◆ WORK TASK
Your answer must be an exact copy of the listing, with the images left out.

◆ DATASET SECTION
○ ○ ○ ○ ○ ○ ○
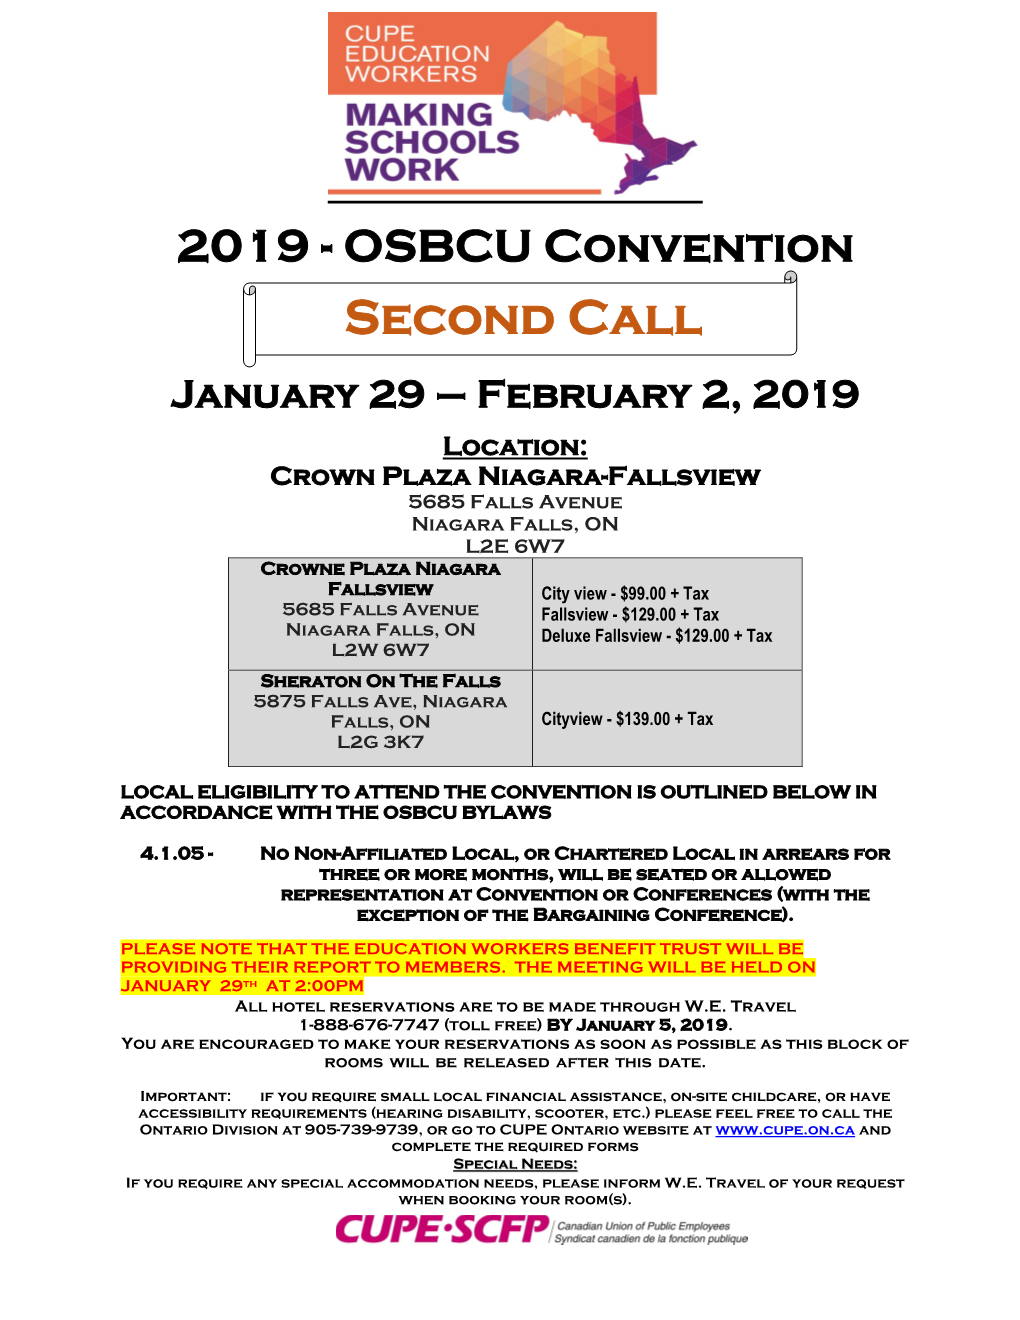 Second Call – OSBCU Convention 2019
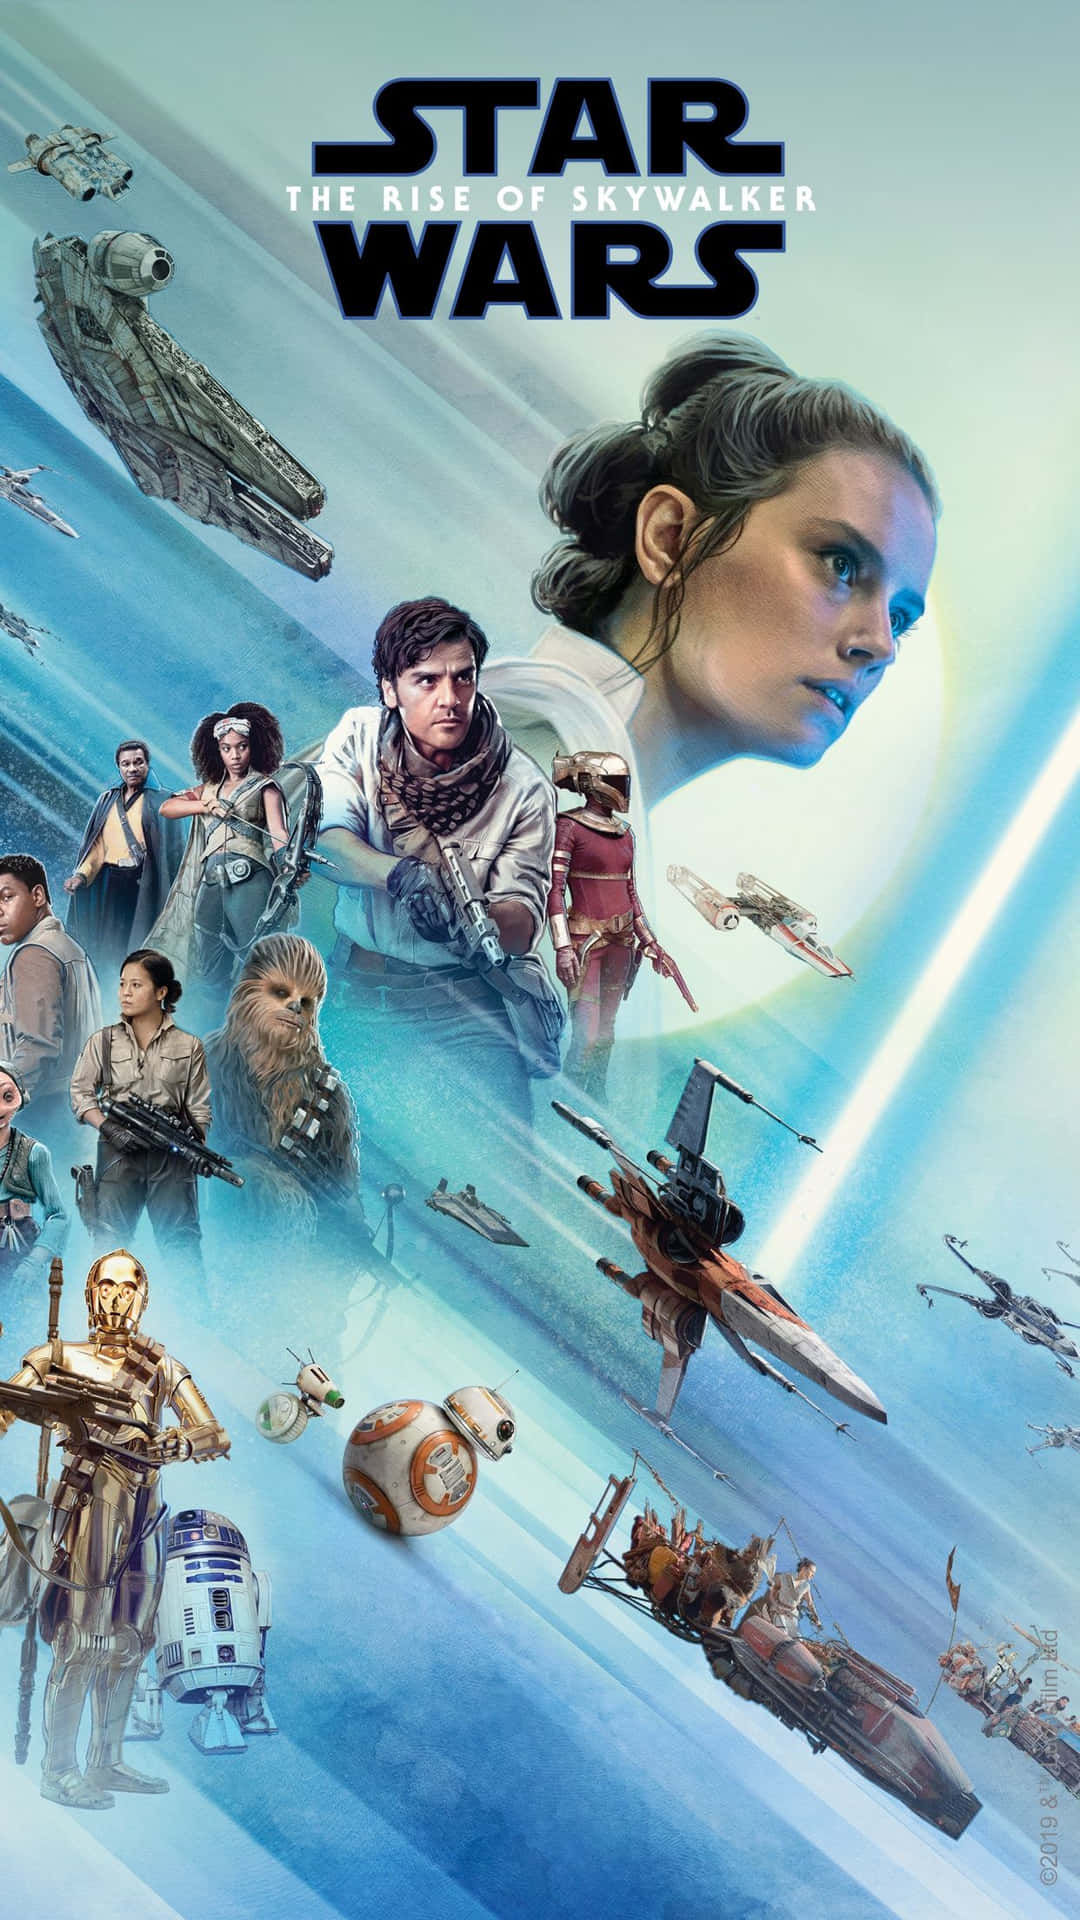 Fejrer de ikoniske Star Wars-karakterer Wallpaper
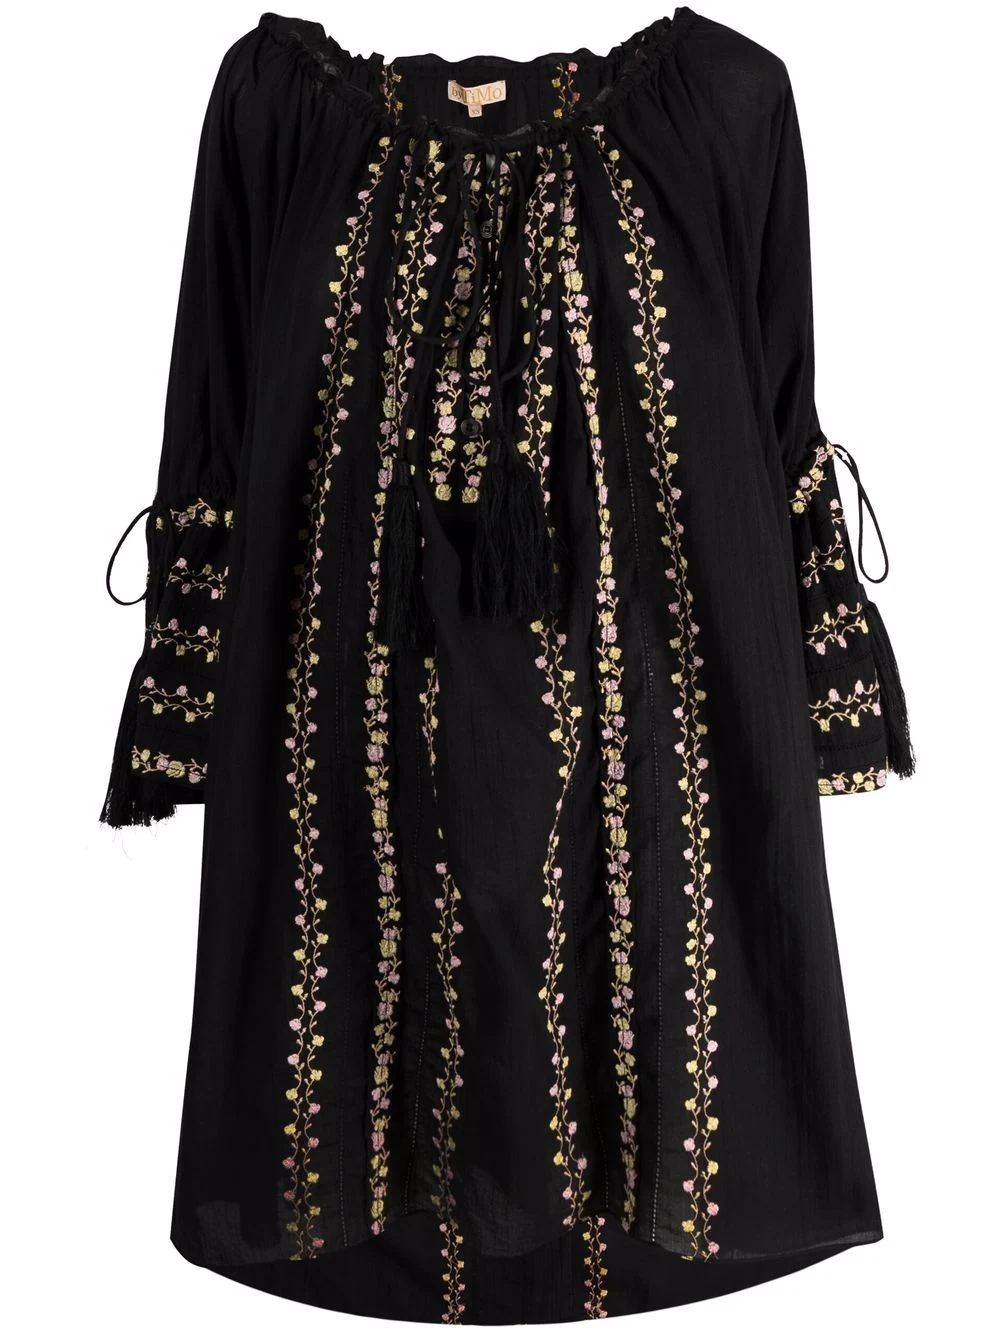 Embroidery big skirt black flowers cotton dress
○ ○ ○ ○ ○ ○ ○
◆ ANSWER SPACE
 Second Call – OSBCU Convention 2019
 Fejrer de ikoniske Star Wars-karakterer Wallpaper
 Embroidery big skirt black flowers cotton dress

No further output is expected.